- Robert A. Heinlein, "Beyond This Horizon," 1942
It's not hard to find permutations of this quote now. Particularly in the United States, the idea of ordinary people carrying guns for protection is an idea that was forged in the Revolution and advanced by the frontier that it expanded into through the nineteenth century. Today, the United States is probably one of the most well-armed societies on Earth; only in Illinois is it illegal to carry a firearm, and the majority of states allow firearms to be carried openly. Now, it's not as if every single American is packing - during the course of my journeys down to the States, the closest I came was a sign on a Valley Metro bus in Tempe, Arizona that helpfully told me firearms were prohibited onboard.

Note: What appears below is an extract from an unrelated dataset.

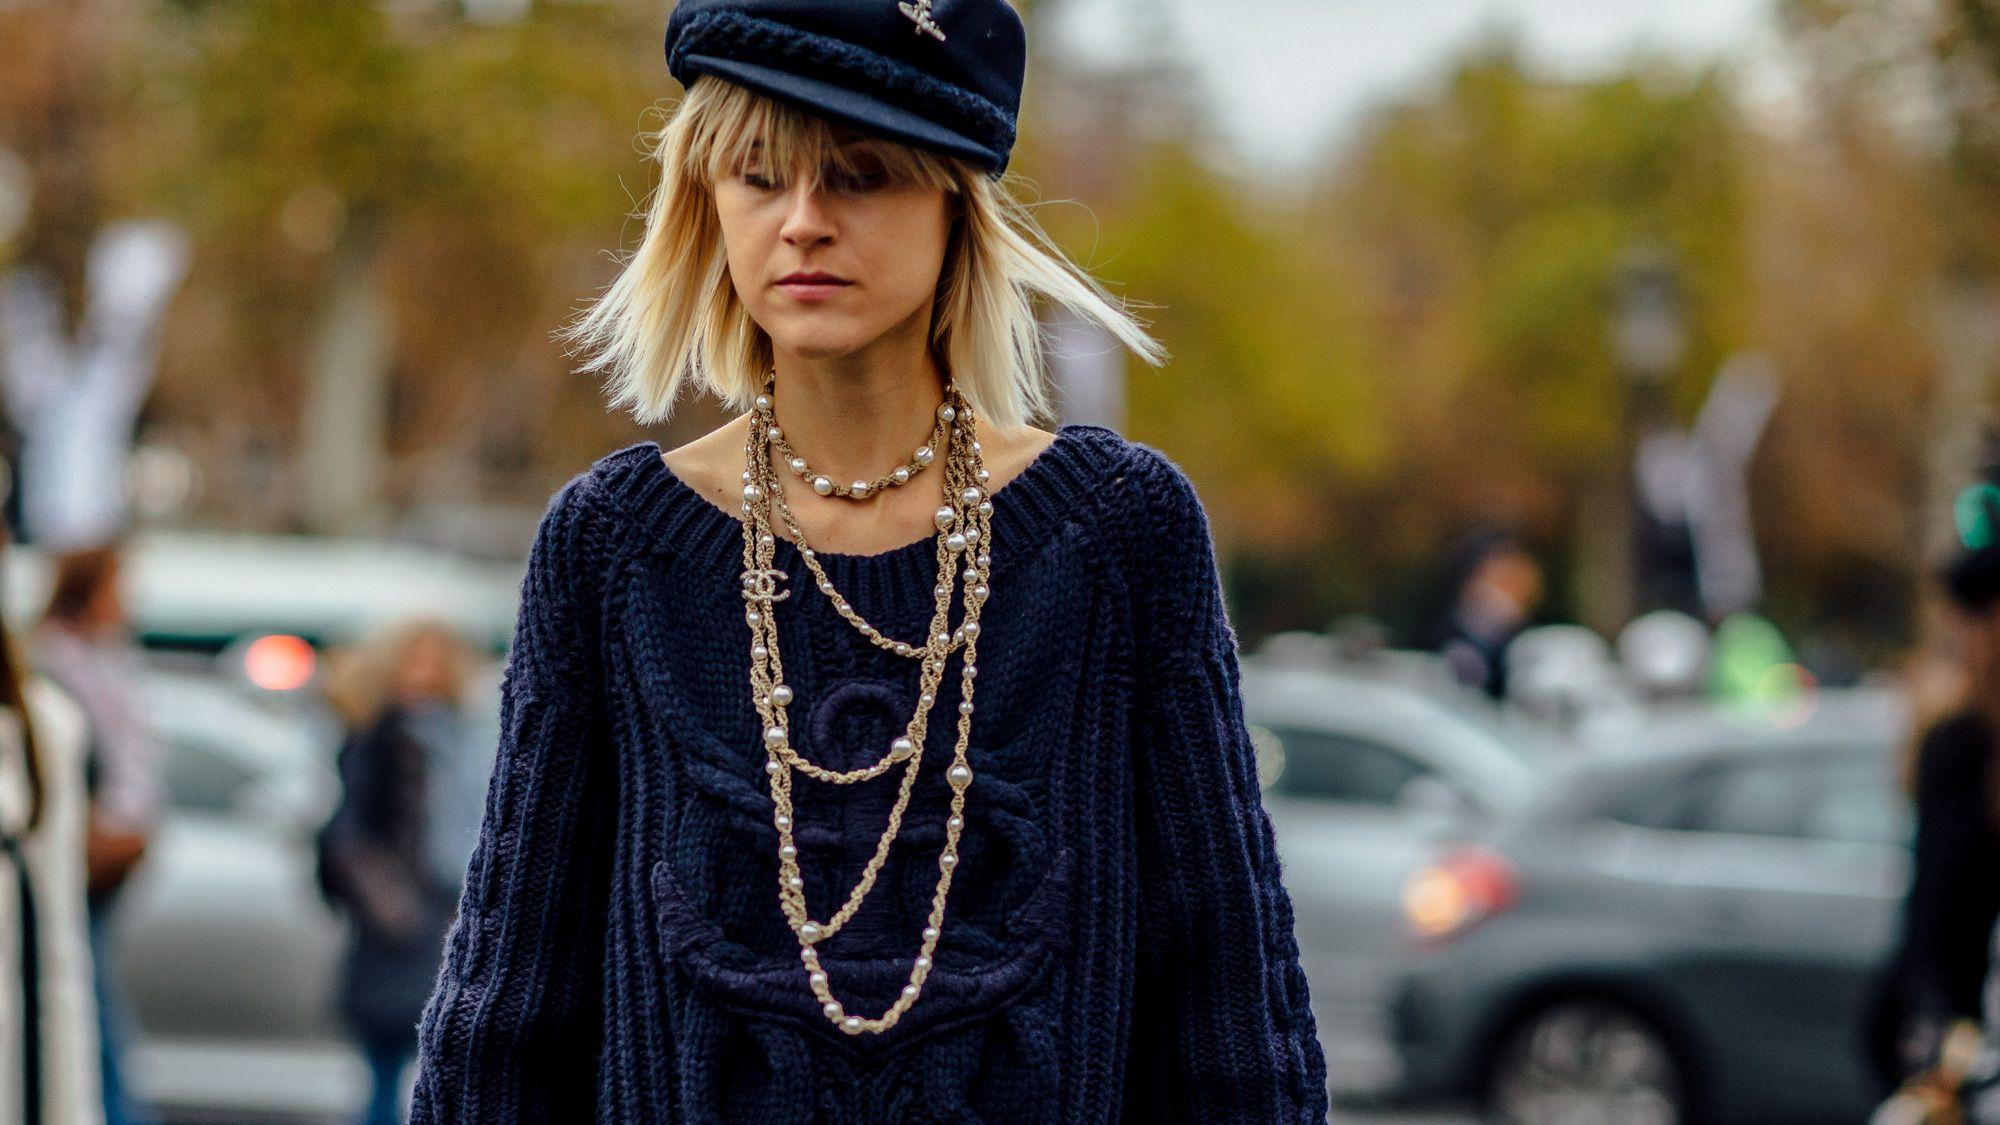 chain embellishments

I'm not interested in talking about openly carrying firearms itself; that's an intensely charged discussion that I don't really have any reason to enter. It's more the psychology behind them, the psychology that is the source of the Heinlein quote at the top of this post. The idea that a proliferation of weapons will lead to a proliferation of manners - a sort of mutually assured destruction for society, perhaps.
Whether or not this would work in the ideal way some of its supporters suggest isn't up for me to figure out. It's just something I've been thinking about, and was recently reminded of - and I can't get beyond the conclusion that a society based on the manners of the gun would be profoundly... off.

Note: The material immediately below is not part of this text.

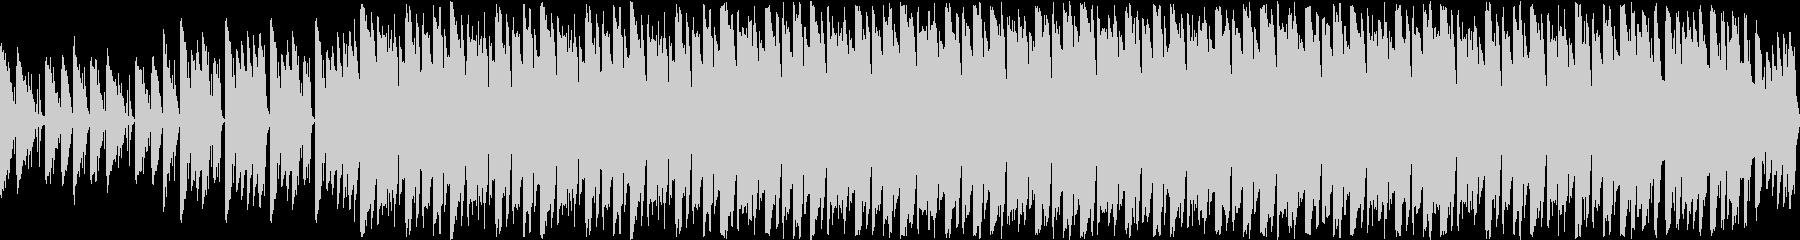 ピアノによる明るくポップなループ曲の未再生の波形

A society based on the manners of the Nintendo Zapper, on the other hand, would be profoundly entertained!
Strip away the rhetoric about self-protection, about manners, and so on, and what do you get? That probably depends significantly on the views you bring to the table, but for me, it looks like a society based on fear. A society where you need to be on your best behavior at all times, lest your neighbor decides you're offensive and decides to shoot you - though I know that's a rather extreme possibility. But it really does remind me of the way many people seem to approach religion, particularly Old Testament-flavored Christianity, where the core of the belief is fear: fear of God, fear of Hell, fear of punishment. I hear anecdotal stories occasionally about people who claim that their belief in a vengeful God and eternal punishment is all that keeps them from commiting bloody crimes and atrocities on Earth.
That theoretical "armed, polite society" seems like it hews the same way; that it's set up to keep those same people in line, the people who would run wild with reckless abandon if they knew that the person next to them on the bus, or for that matter barely anyone, could kill them if they stepped far enough out of line.
But what kind of foundation is that? "Follow social norms, lest your peers kill you?" Honestly, I feel as if this goes even farther than states - states may govern through a monopoly on force, but force does not have to be death-dealing. Doesn't it say something about a society if it's necessary for people to be armed to make it polite, that there's been some problem somewhere down the line? The more I think about it, the more it seems like a society founded on fear... and societies based on fear never last. Either people stop being scared, or the fear deepens into bunker mentalities.
If a man can only be well-mannered when he believes his life is on the line... is that really the sort of man we want to be unfettered in society?